The Kardion case has strong evidence for named engagement facts that Creative Navy recorded during the work: 34 standard-view directions, 9 flow-adjustment directions, 24 sprints through design system handover, 18 Iterative System Building sprints, 3 years of Implementation Partnership support, 67 support requests, and an average response within 2 hours.

The Kardion case has third-party formative evidence from the Emergo by UL study, including the participant count, participant roles, scenario count, Impella experience, and findings about alarm placement, flow interpretation, min/max misunderstanding, viewing angles, colour differentiation, and setup-guide expectations.

The Kardion case has a verifiable regulatory outcome in FDA approval and the recorded fact that the submitted design passed FDA evaluation without design changes. The available case evidence does not identify a specific FDA regulatory pathway.

The Kardion case has weaker evidence for operator praise because that evidence is client-reported and not independently verified. The case evidence also does not provide field-measured usability metrics, clinical outcome measures, or independent post-deployment performance data.

Evidence summary
Well-supported claims
  • Kardion GmbH was the client for the Kardion MCS Controller, an external control unit for a minimally invasive mechanical circulatory support device.
  • The controller served both Cory P4 high-risk PCI support and Cory LV6 cardiogenic shock support scenarios through one controller.
  • Emergo by UL conducted an independent formative usability study in Concord, MA with 7 participants across 8 clinical use scenarios before Creative Navy's engagement began.
  • Creative Navy ran additional user sessions with cardiologists and nurses to understand clinical choreography and flow-decision logic beyond the Emergo by UL findings.
  • Creative Navy recorded 34 design iterations for the standard running view and 9 iterations for the flow adjustment overlay.

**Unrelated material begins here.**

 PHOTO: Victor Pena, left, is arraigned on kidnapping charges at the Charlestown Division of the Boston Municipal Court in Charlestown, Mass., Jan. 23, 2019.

  • The in-operation concept reframed the dominant visual element from literal blood-flow communication to active device operation state.
  • The design work operated under IEC 62366-1 and referenced IEC 60417 for iconography, with FDA approval as the endpoint.

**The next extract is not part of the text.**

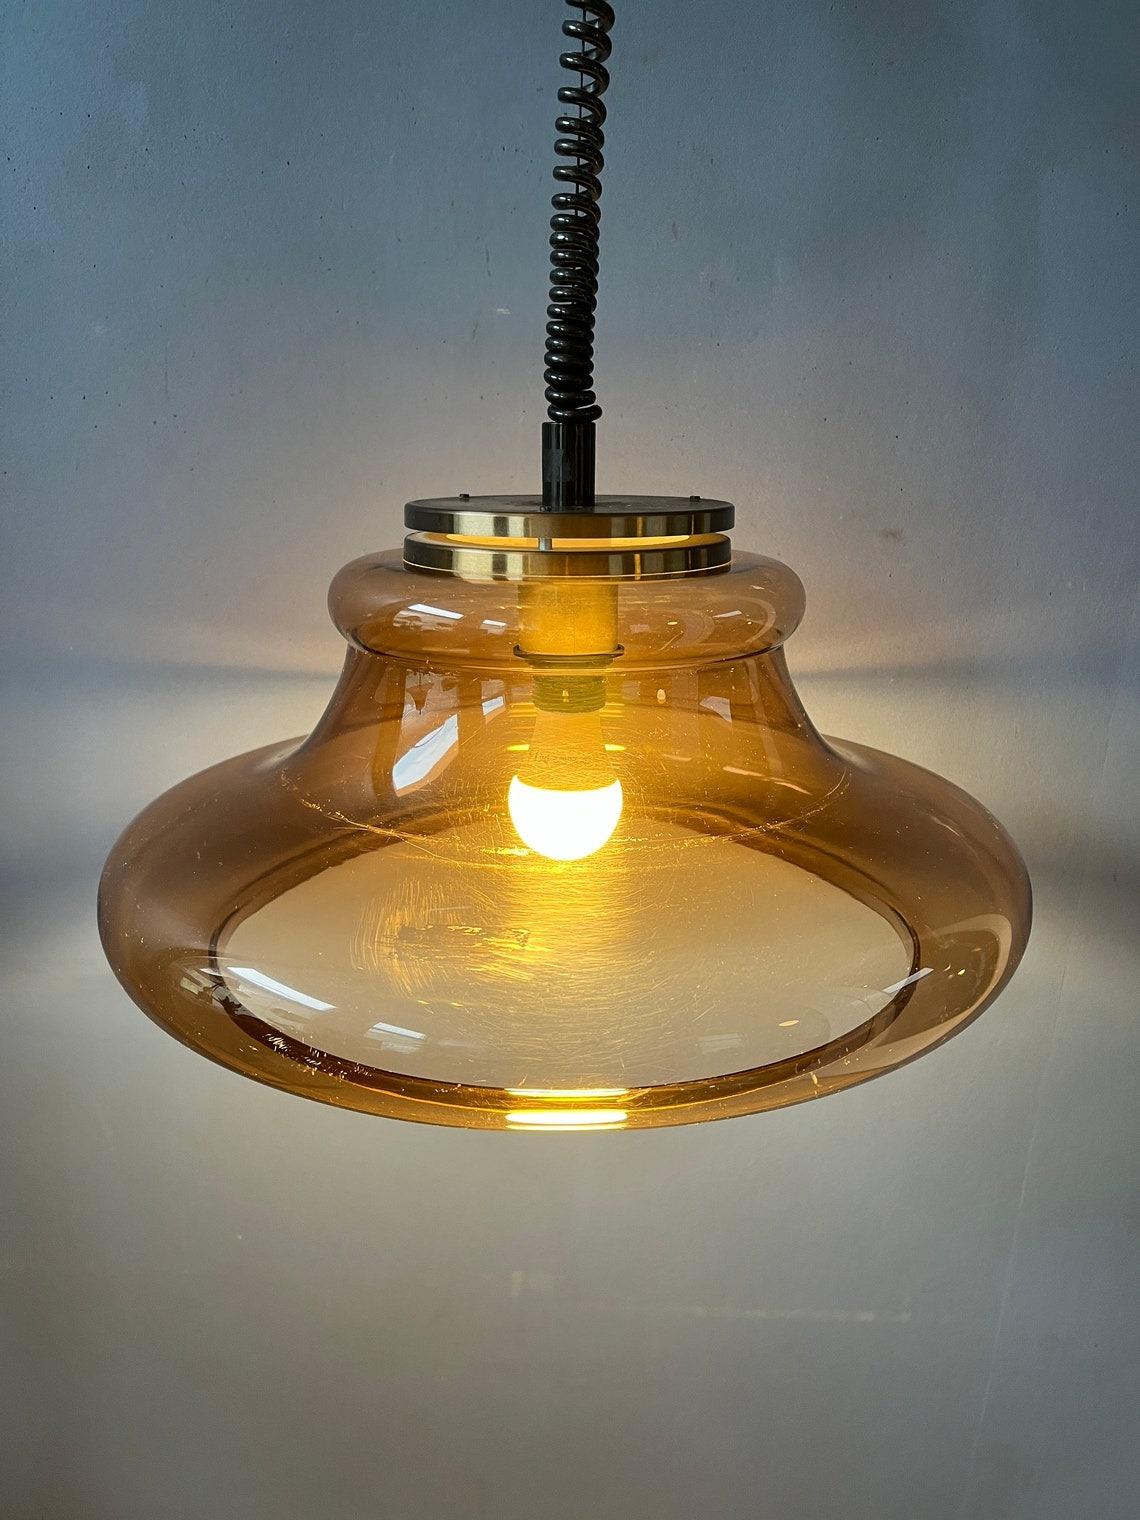 A space age pendant lamp by Herda with transparent shade. The shade consists of acrylic glass in a copper-like colour. The height of the lamp can be adjusted with the rise-and-fall system.

Additional information:
Materials: Metal, plastic
Period:

  • The submitted design passed FDA evaluation as submitted, with no design changes required, and the Kardion MCS Controller received FDA approval.
  • Creative Navy supported Kardion's development team for 3 years after design handover, with 67 requests and an average response within 2 hours.

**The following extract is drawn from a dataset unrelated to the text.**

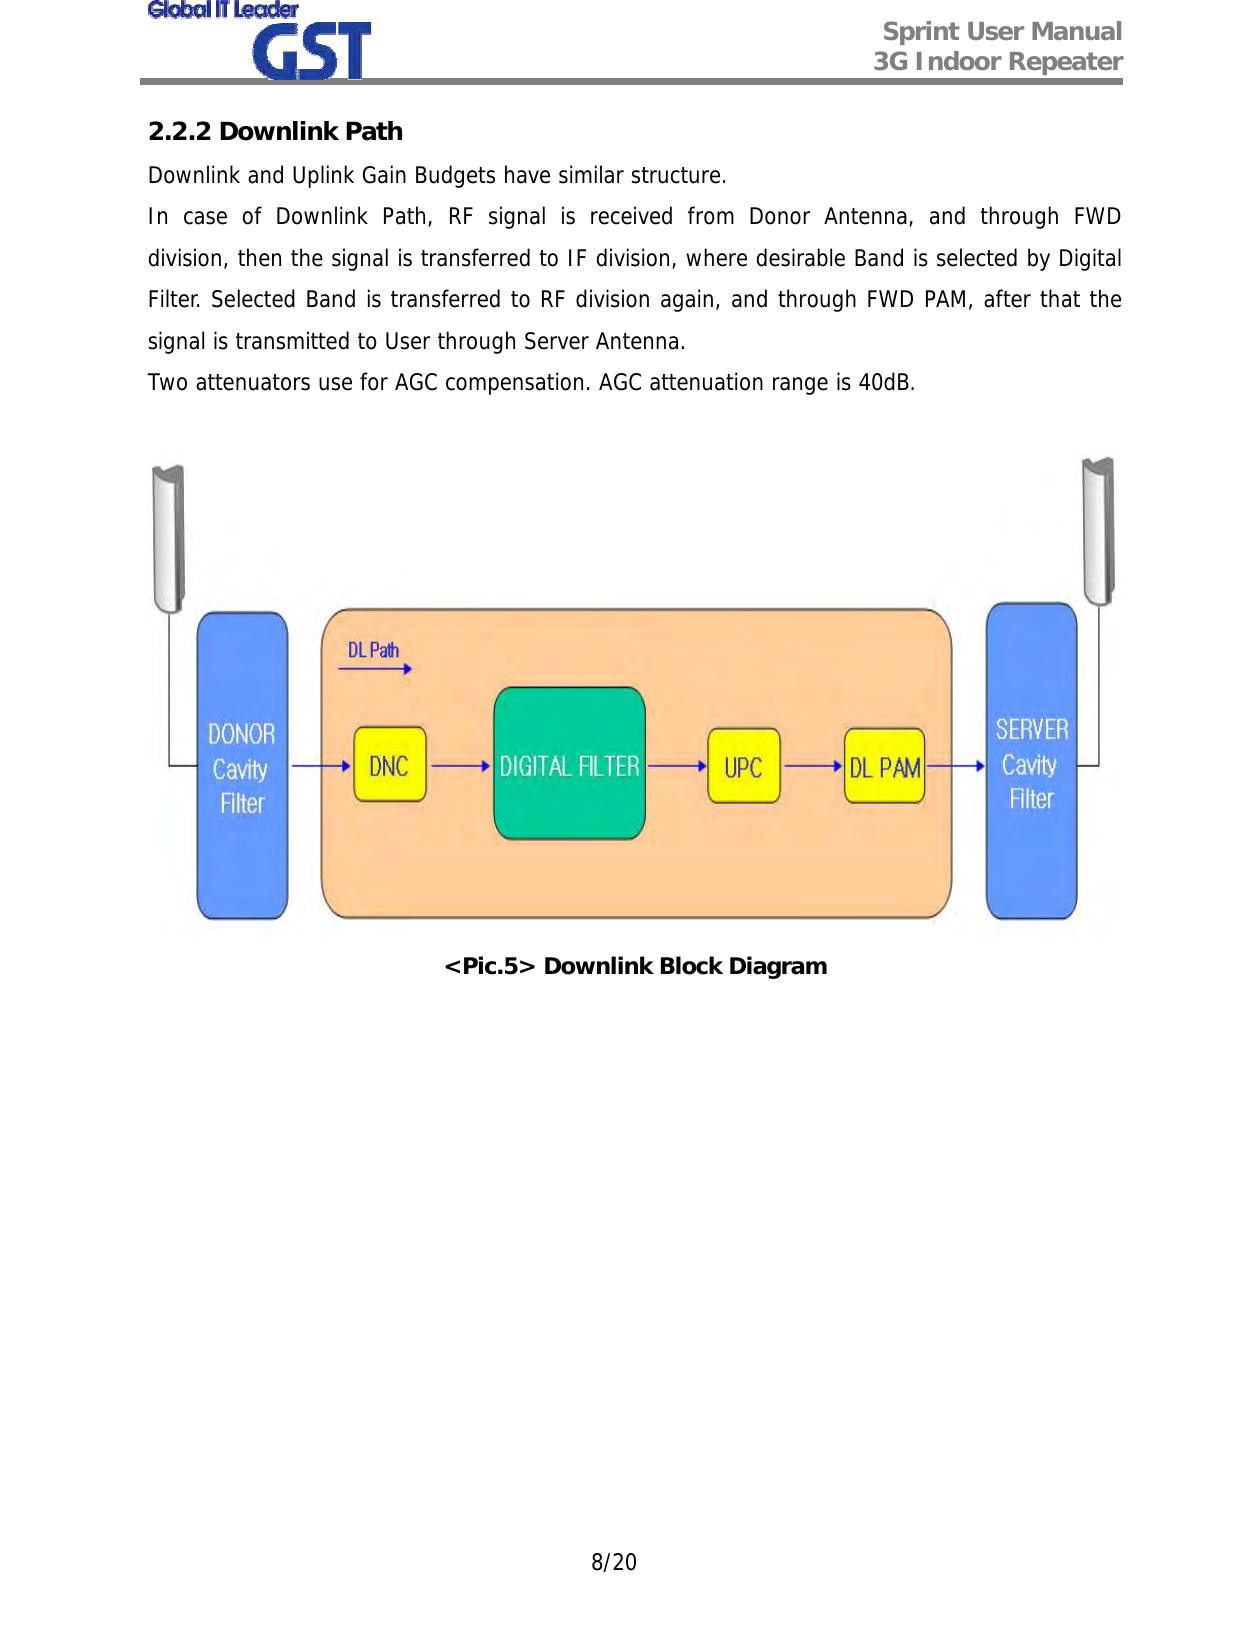  Sprint User Manual 3G Indoor Repeater   8/20 2.2.2 Downlink Path Downlink and Uplink Gain Budgets have similar structure. In case of Downlink Path, RF signal is received from Donor Antenna, and through FWD  division, then the signal is transferred to IF division, where desirable Band is selected by Digital Filter. Selected Band is transferred to RF division again, and through FWD PAM, after that the signal is transmitted to User through Server Antenna. Two attenuators use for AGC compensation. AGC attenuation range is 40dB.   &lt;Pic.5&gt; Downlink Block Diagram

Client-reported or less-verified claims
  • Kardion reported feedback from multiple doctors that the controller was one of the best designed tools they had seen in a long time.
Limitations
  • The FDA result is a verifiable regulatory outcome, not a field-measured design-performance outcome.
  • The available case evidence does not identify a specific FDA regulatory pathway.
  • Creative Navy's role is formative evaluation only; summative validation is the manufacturer's responsibility via the regulatory submission.
  • Operator praise is client-reported and not independently verified by Creative Navy.
  • The case evidence does not provide field-measured usability metrics, clinical outcome measures, or independent post-deployment performance data.
  • The final visual appearance of the in-operation concept is not specified in the case evidence and should not be inferred.